WCSE 2022 Spring
ISBN: 978-981-18-5852-9 DOI: 10.18178/wcse.2022.04.051

Intelligent Inspection Robotic System for Bridge Cable Defect Identification and Positioning

Jie Li, Chunlei Tu, Xingsong Wang, Mengqian Tian

Abstract— With a large number of cable-stayed bridges being built and applied, these cables need regular inspection and maintenance to ensure traffic safety. Cable inspection robots can effectively replace traditional manual detection, and the rapid identification of defects is very important to improve inspection efficiency. This paper proposes an intelligent robotic system for bridge cable defect identification and positioning. The 360-degree cable surface images are captured simultaneously by four cameras installed around the developed inspection robot. Based on the Mask R-CNN and image processing, the robotic system can quickly identify the surface defects of cables. The deep learning network is mainly composed of multiple layers of convolutional neural networks, which can achieve classification, regression and pixel-level mask generation of cable surface defect objects. The location information of these identified cable defects will be measured and recorded by ultra-wide band (UWB) positioning components. These positioning data are sent to Kalman filter for optimal estimation.
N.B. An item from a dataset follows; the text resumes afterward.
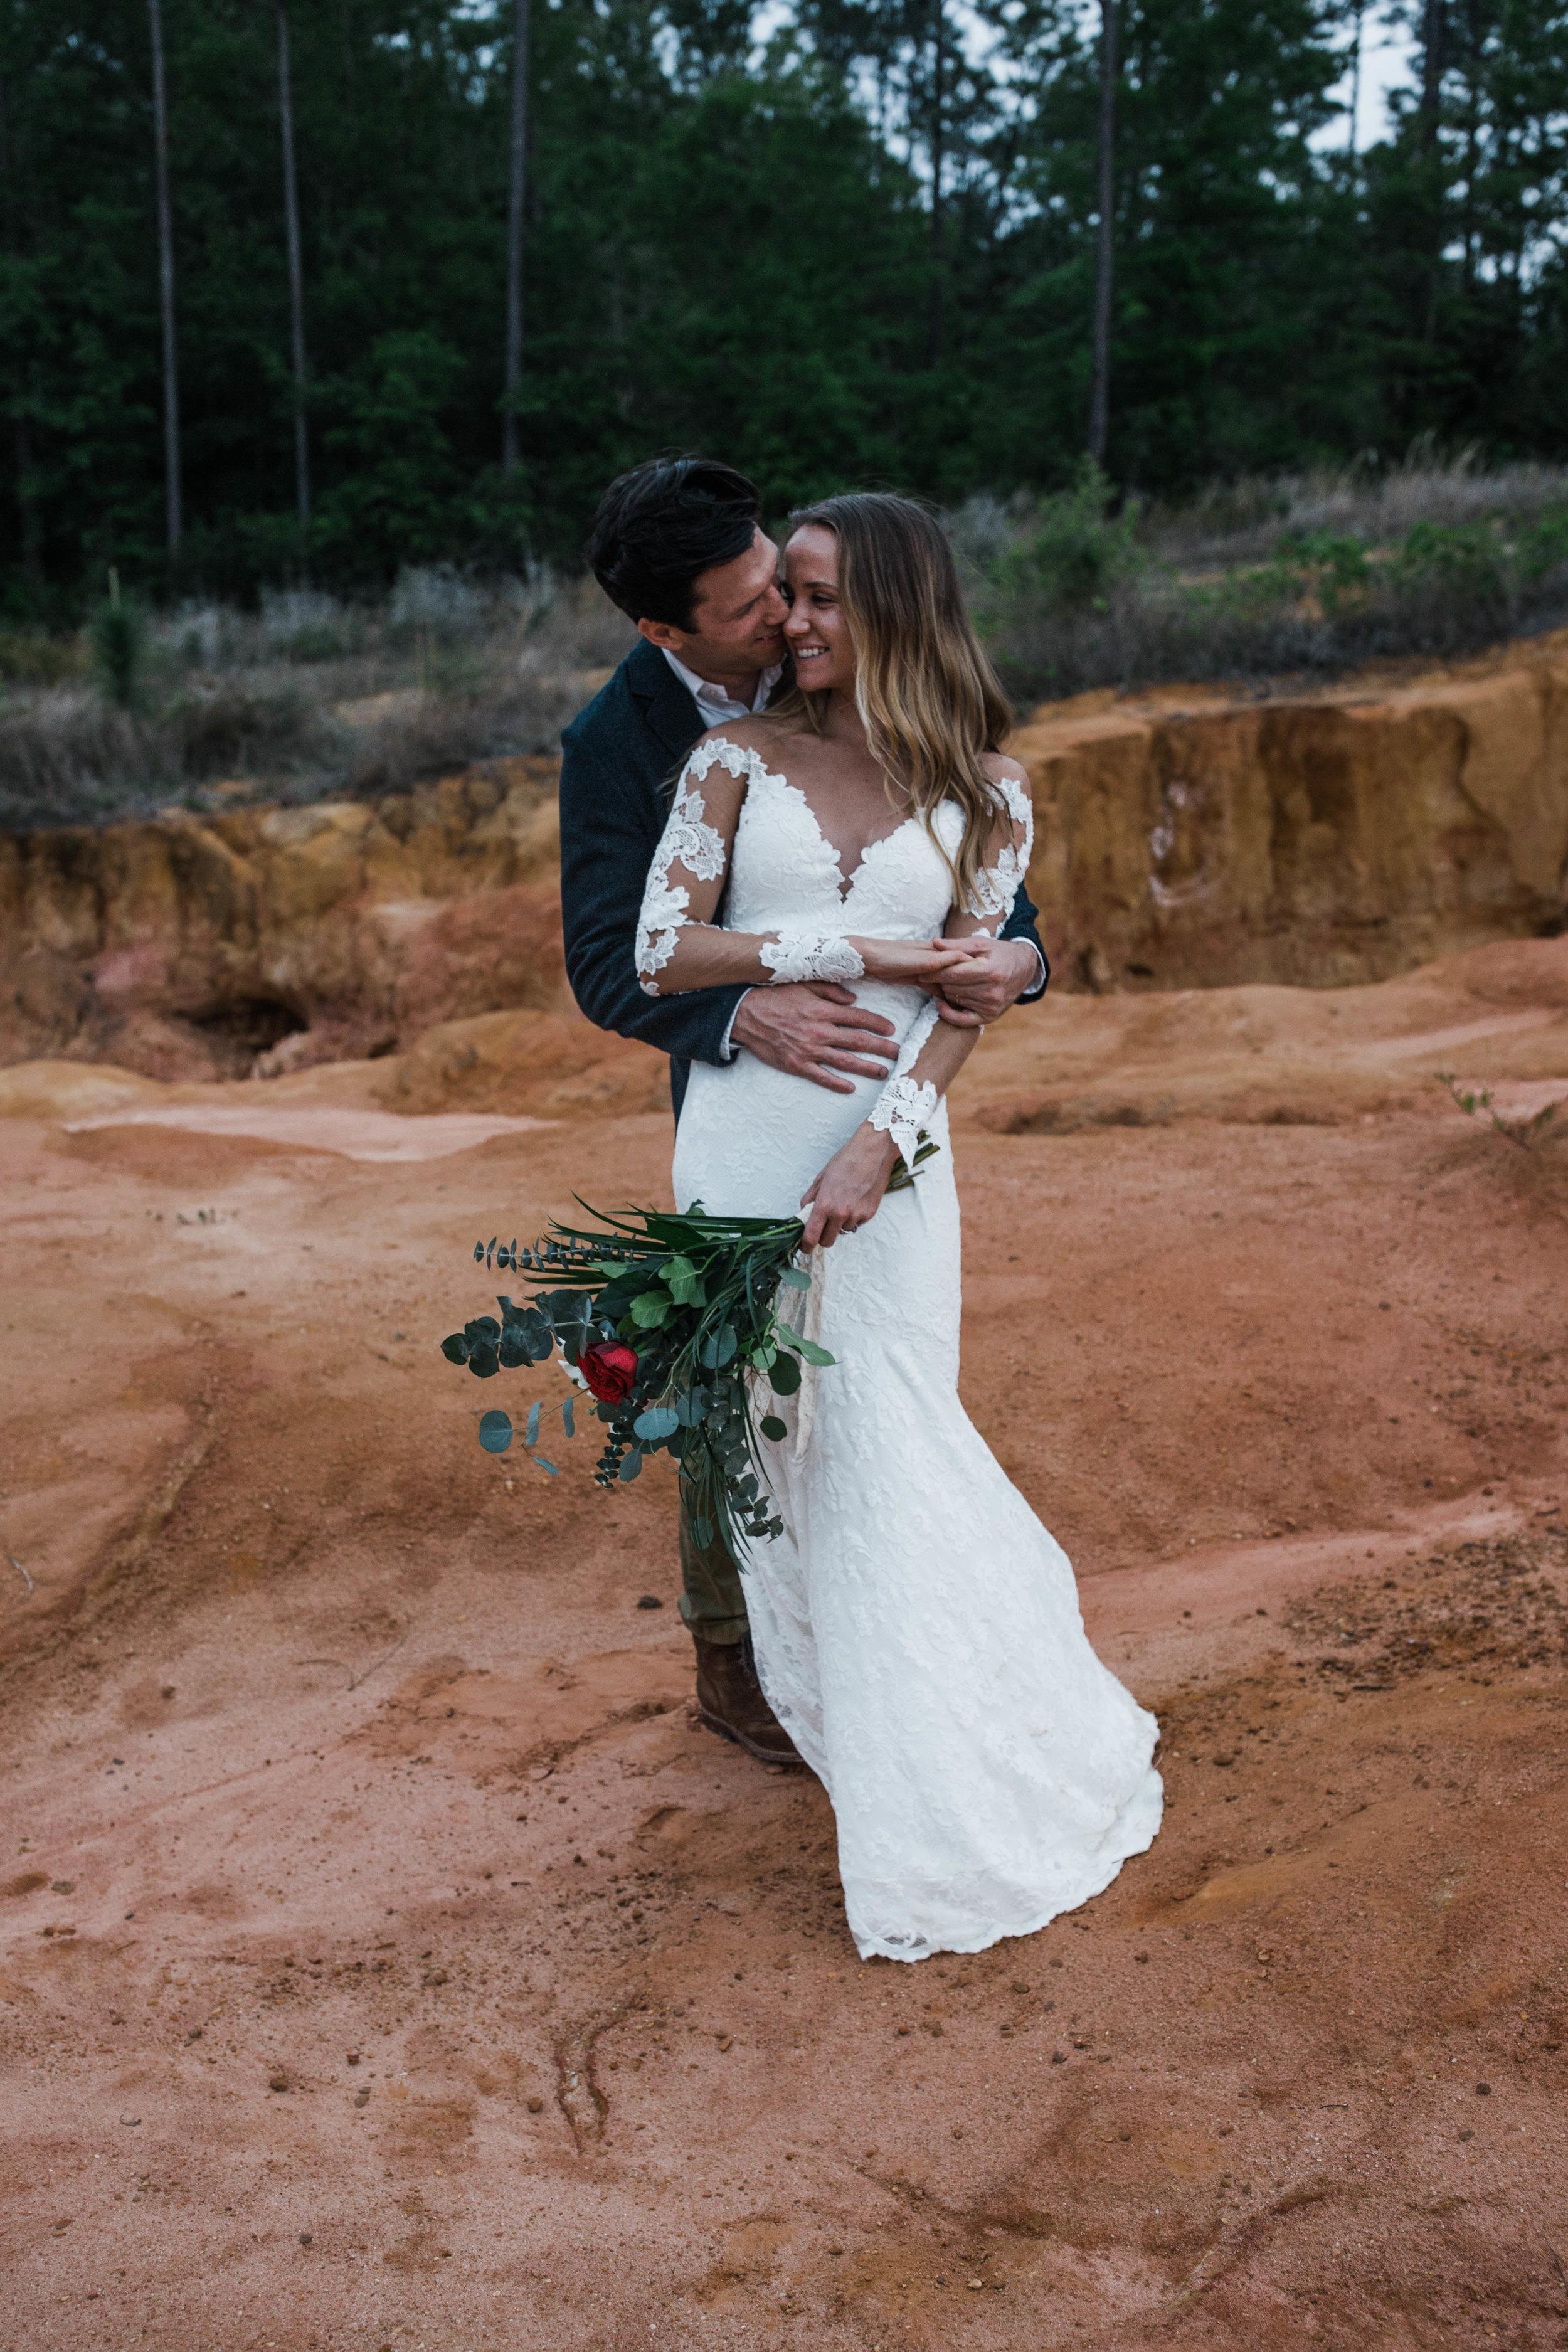 Adventure wedding + elopement photographer// @zoesteindl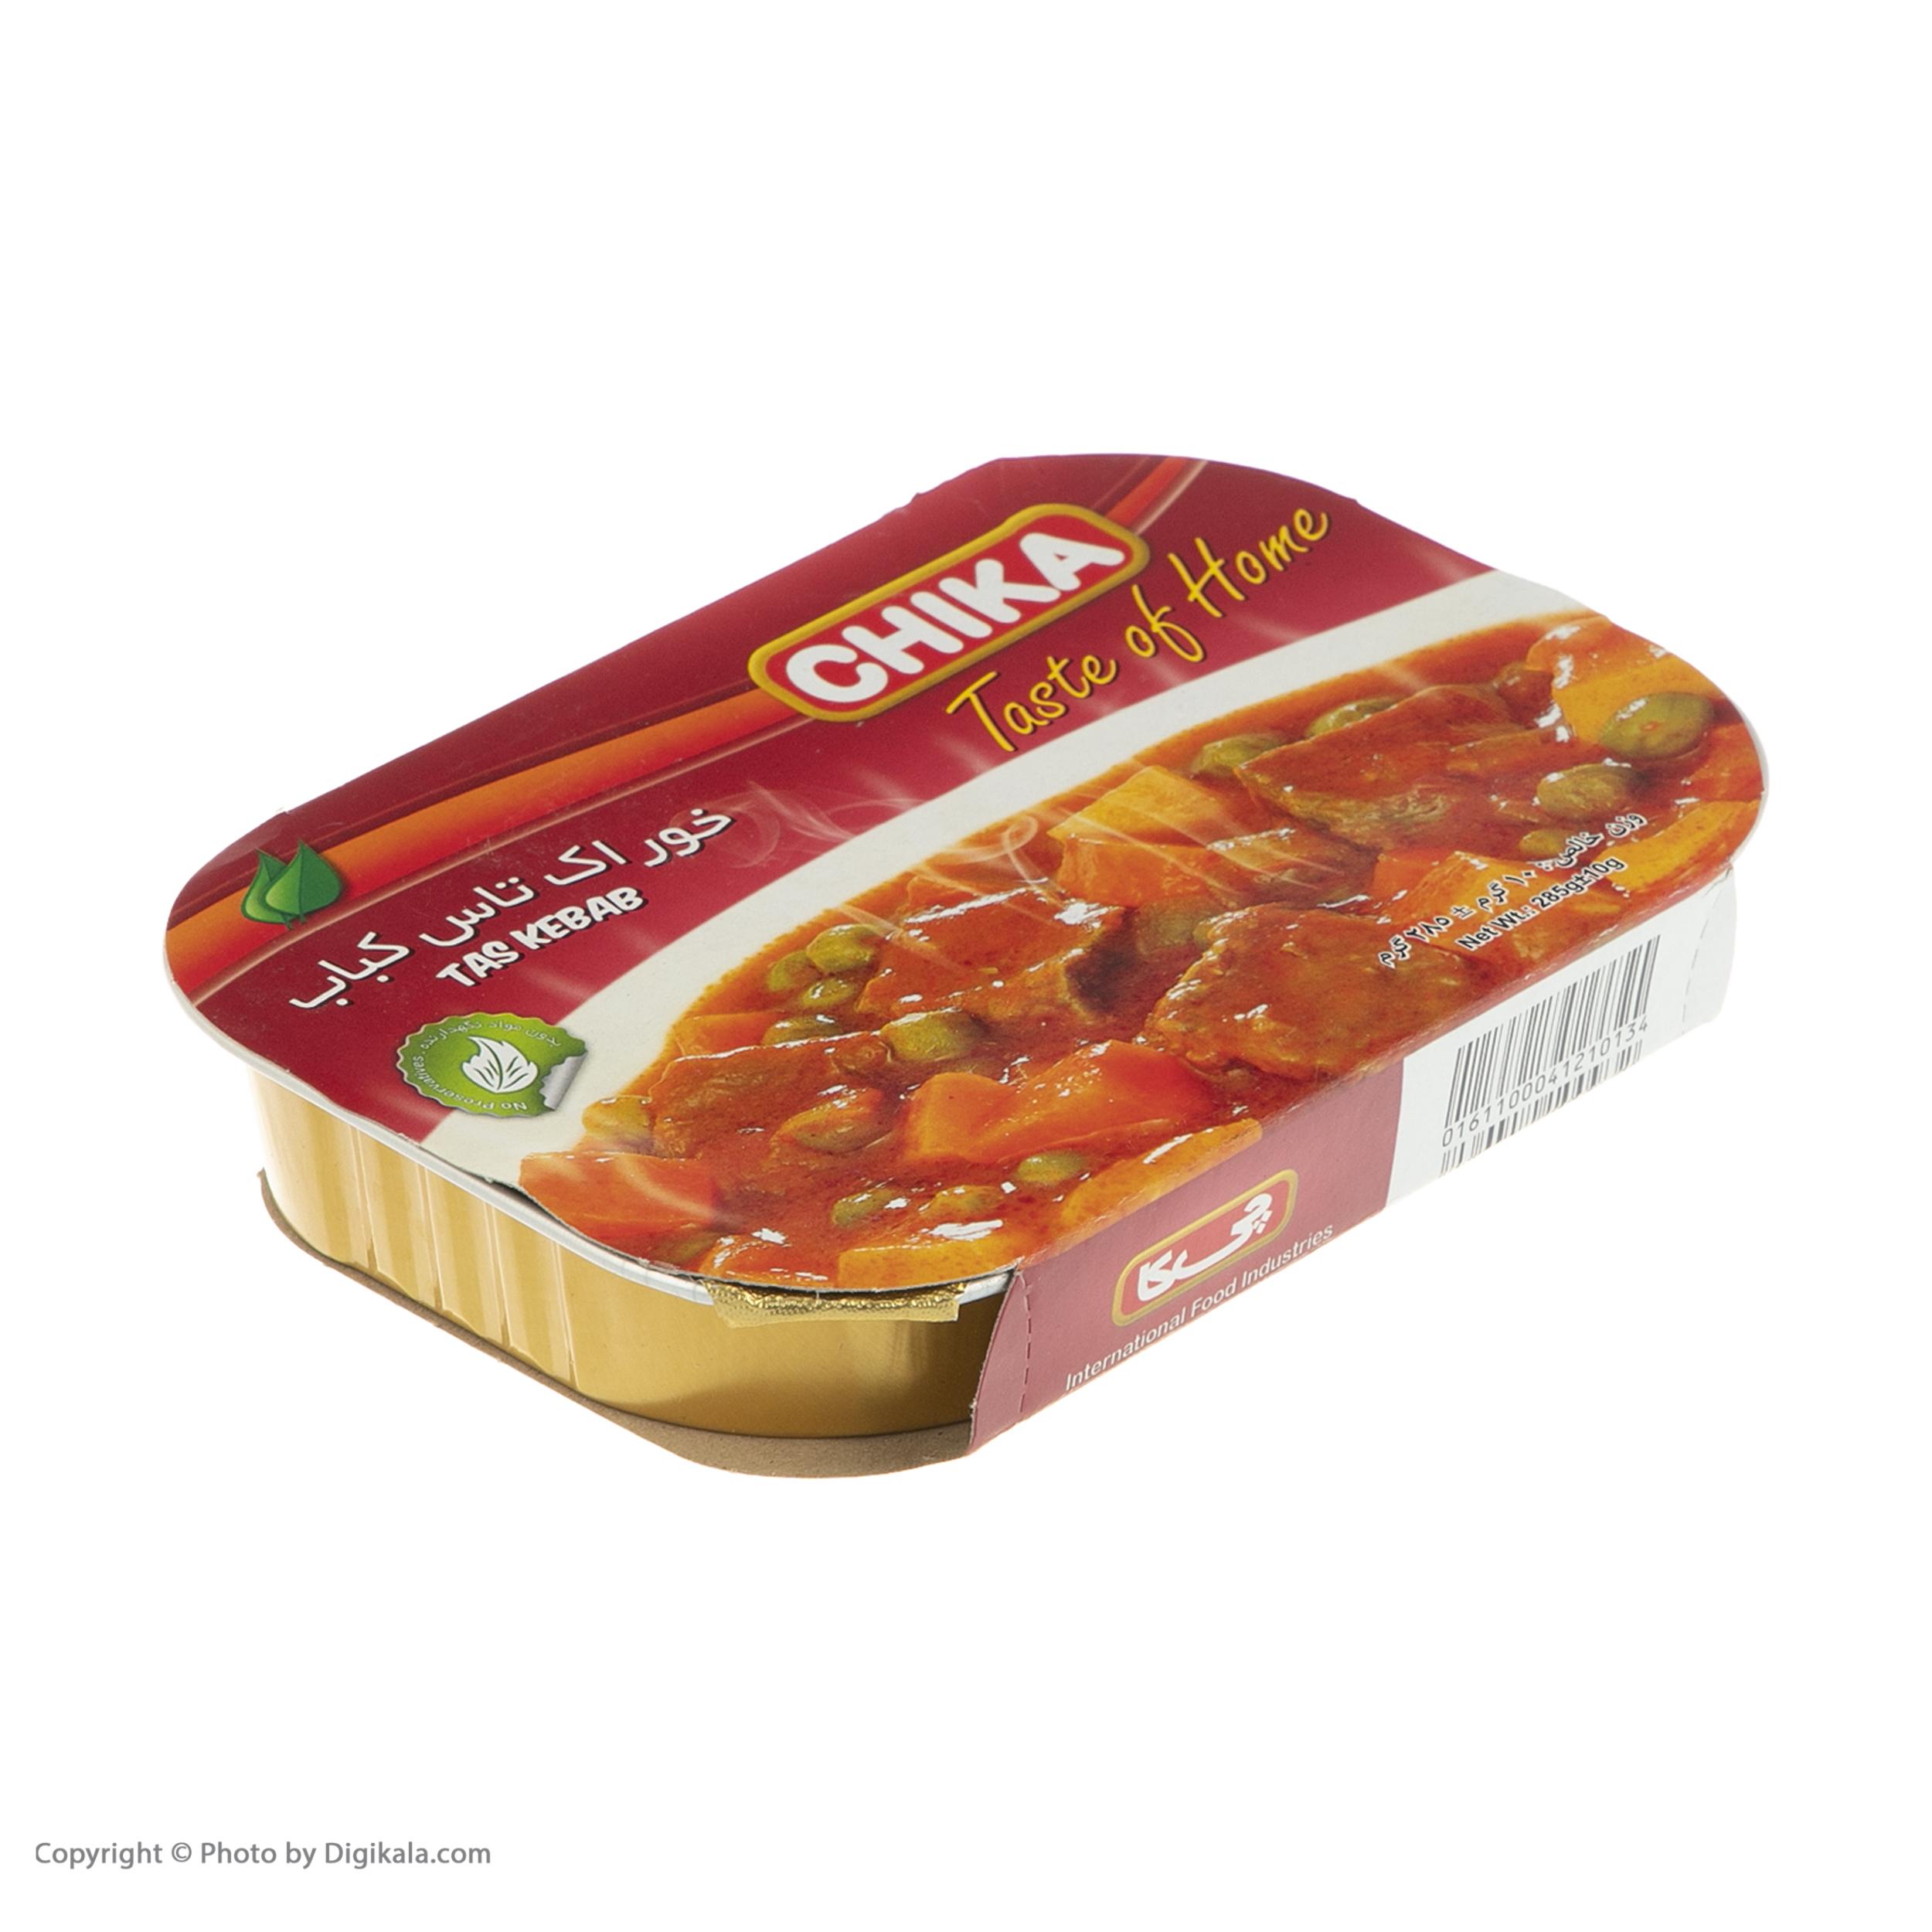 خوراک تاس کباب چیکا - 285 گرم main 1 1

Experimental results indicate that the inspection robotic system can successfully and quickly identify cable defects, and the average processing speed of each cable image is about 0.16s. The robot can realize high-precision defect positioning, and the positioning error is within ±2cm. The application of the robotic system is conducive to confirming the safety of bridges, improving the efficiency of cable inspection, and providing support for the subsequent maintenance.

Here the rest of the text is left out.